Last year, I wrote a similar piece about how the U.S. was just one step away from becoming elite, and taking that step would mean winning the Gold Cup. Well, they never did take that step, and lo and behold, they didn’t win the Gold Cup either.

Things were even looking bright for the team with back-to-back road victories against European powerhouses Netherlands and Germany. The U.S. beat those two teams without their best players on the field.

Tim Howard wasn’t in goal, Clint Dempsey wasn’t up front, Jermaine Jones wasn’t patrolling the midfield and no big names were anchoring the defense.
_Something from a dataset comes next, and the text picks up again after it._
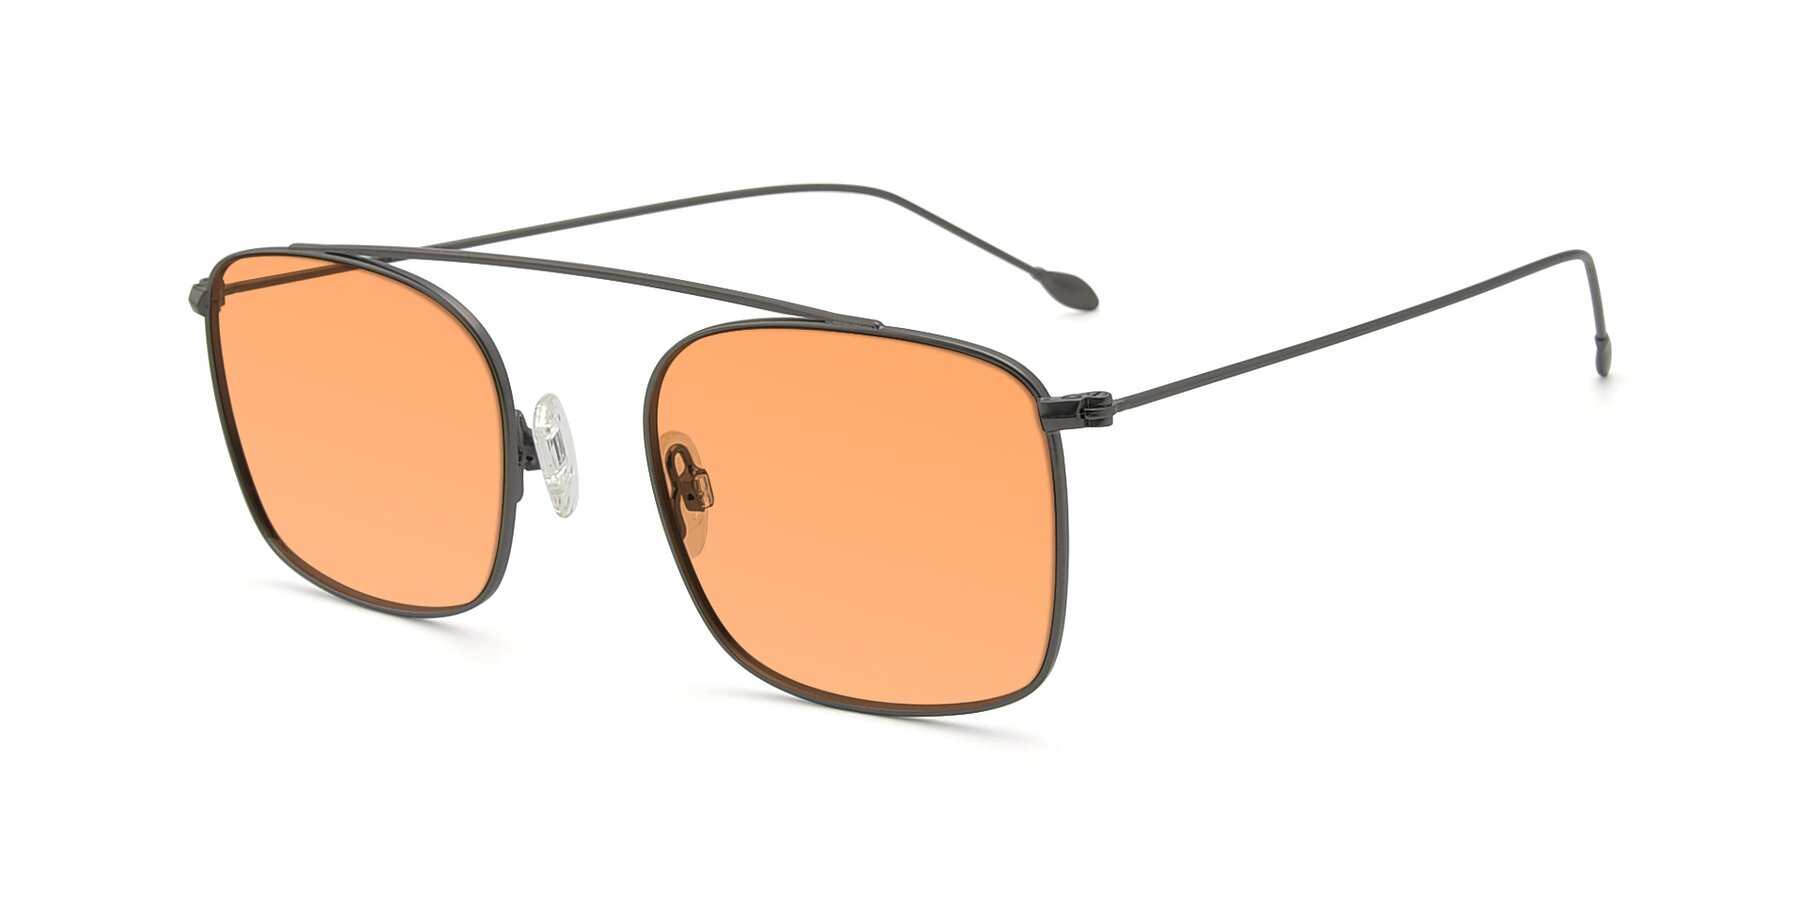 Angle of The Librarian in Gunmetal with Medium Orange Tinted Lenses

Players like Mix Diskerud and Bobby Wood, who both played the same amount as I did in the 2014 World Cup (hint, zero minutes), each scored a goal.

The way the U.S. played in the Germany game was better than when the two teams met in the World Cup in 2014. The Germans only won that game 1-0, but the U.S. looked lost in that iteration. However, the 2015 meeting, which wasn’t really about revenge, showed an American side that looked proud to represent their country. That pride showed in the way the U.S. embarrassed the World Cup champs.

So I guess the real question is, what happened between June 10, when the U.S. beat Germany, and July when they lost to Jamaica? The answer is simple: they were two different teams.

Manager Jurgen Klinsmann, who I believe has been doing a great job coaching, selected a squad of veterans to compete in the Gold Cup, while using a squad of young, fit and elite talent in the friendlies.

If it ain’t broke, don’t fix it Klinsy.

The U.S. took one step forward by employing elite young players in better fitness than some veterans, and it paid immediate dividends. However, in the Gold Cup, Klinsmann and the USMNT took two steps backwards and now have to play an in-form Mexico squad in a momentous playoff game.

Meanwhile, the young guns will be playing either in the U-23 qualifying match or in their respective domestic leagues. Instead, they should be on the field at the Rose Bowl, playing for the top squad and qualifying the U.S. for the Confederations Cup. But unfortunately, that won’t be the case.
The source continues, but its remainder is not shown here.